In any given evaluation, there are many potential stakeholders and an array of possible uses for the evaluation's findings. Utilization-focused evaluation requires moving from the passive notion of informing an audience to the active concept of working with intended users to meet their evaluative information needs. This means identifying specific primary intended users and their explicit commitments to concrete, specific uses. The evaluator facilitates judgment and decision making by intended users rather than acting solely as a distant, independent judge. Utilization-focused evaluation operates from the premise that evaluation use is too important to be merely hoped for or assumed. Use must be planned for and facilitated.

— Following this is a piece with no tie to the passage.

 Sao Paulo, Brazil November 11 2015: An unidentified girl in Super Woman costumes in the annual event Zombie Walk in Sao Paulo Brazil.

The utilization-focused evaluator develops a working relationship with intended users to help them determine what kind of evaluation they need. This requires negotiation in which the evaluator offers a menu of possibilities. Utilization-focused evaluation does not depend on or advocate any particular evaluation content, model, method, theory, or even use. Rather, it is a process for helping primary intended users select the most appropriate content, model, methods, theory, and uses for their particular situation. As the entries in this encyclopedia demonstrate, many options are now available in the feast that has become the field of evaluation. In considering the rich and varied menu of evaluation, utilization-focused evaluation can include any evaluative purpose, any kind of data, any kind of design, and any kind of focus. Utilization-focused evaluation is a process for making decisions about these issues in collaboration with an identified group of primary users, focusing on their intended uses of evaluation.

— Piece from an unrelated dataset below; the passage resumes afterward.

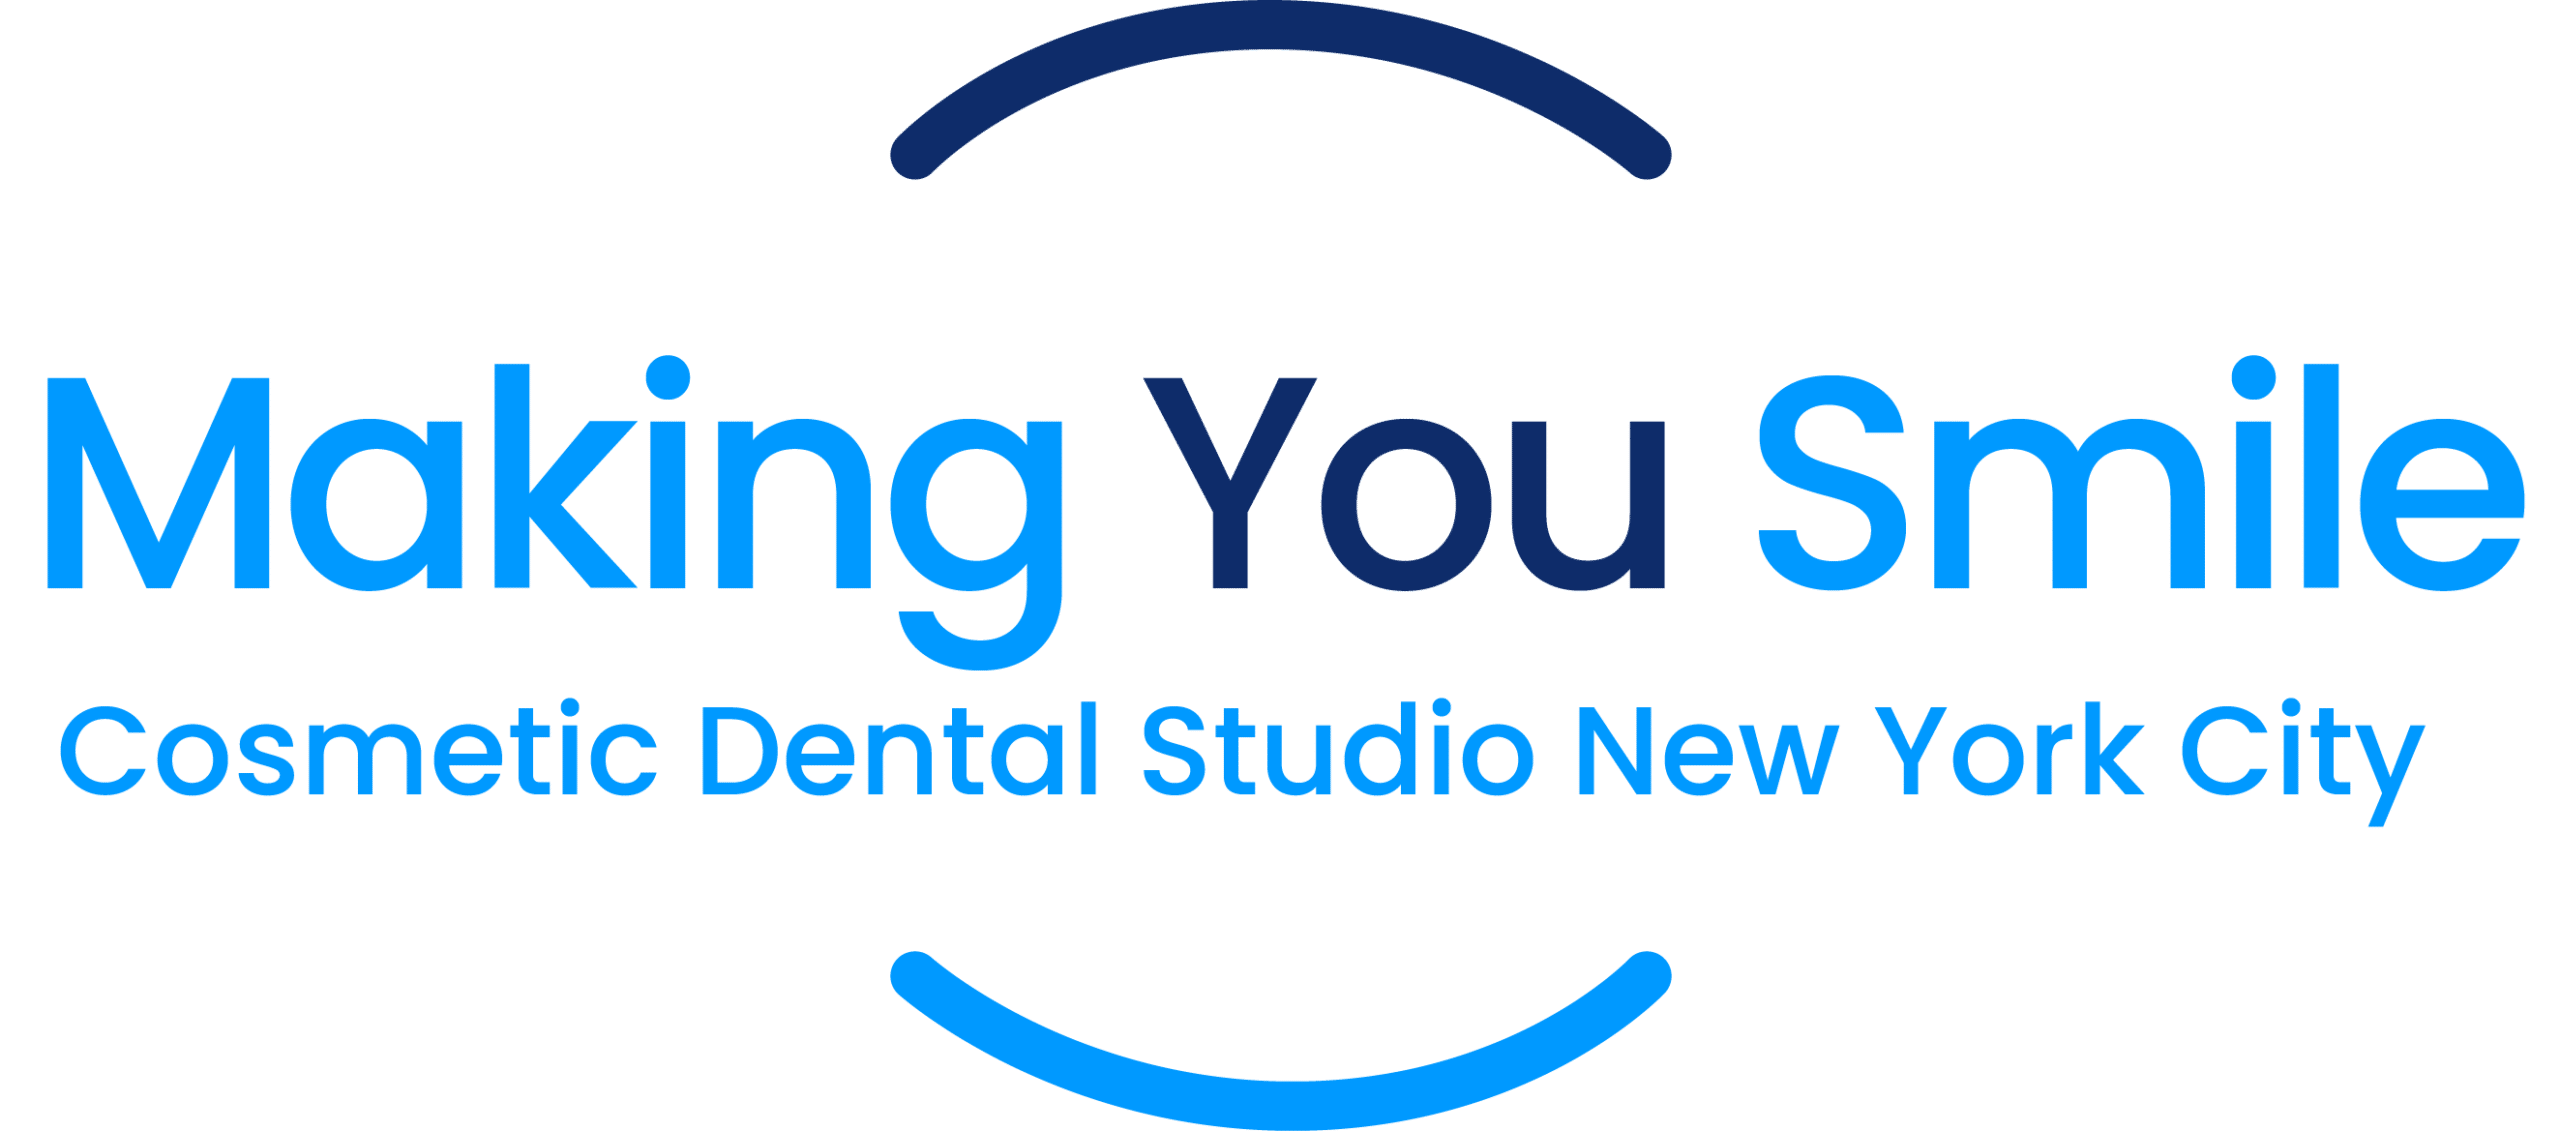 nyc teeth whitening service

A psychology of use undergirds and informs utilization-focused evaluation. Research on use shows that intended users are more likely to use evaluations if they understand and feel ownership of the evaluation process and findings; they are more likely to understand and feel ownership if they have been actively involved; and by actively involving primary intended users, the evaluator is training users in use, preparing the groundwork for use, and reinforcing the intended utility of the evaluation every step along the way.

The Personal Factor

Clearly and explicitly identifying people who can benefit from an evaluation is so important that evaluators have adopted a special term for potential evaluation users:stakeholders. Evaluation stakeholders are people who have a stake—a vested interest—in evaluation findings. In any evaluation, there are multiple possible stakeholders: program funders, staff, administrators, and clients or program participants. Others with a direct, or even indirect, interest in program effectiveness may be considered stakeholders, including journalists and members of the general public or, more specifically, taxpayers, in the case of public programs. However, stakeholders typically have diverse and often competing interests. No evaluation can answer all potential questions equally well. This means that some process is necessary for narrowing the range of possible questions. In utilization-focused evaluation, this process begins by narrowing the list of potential stakeholders to a much shorter, more specific group of primary intended users.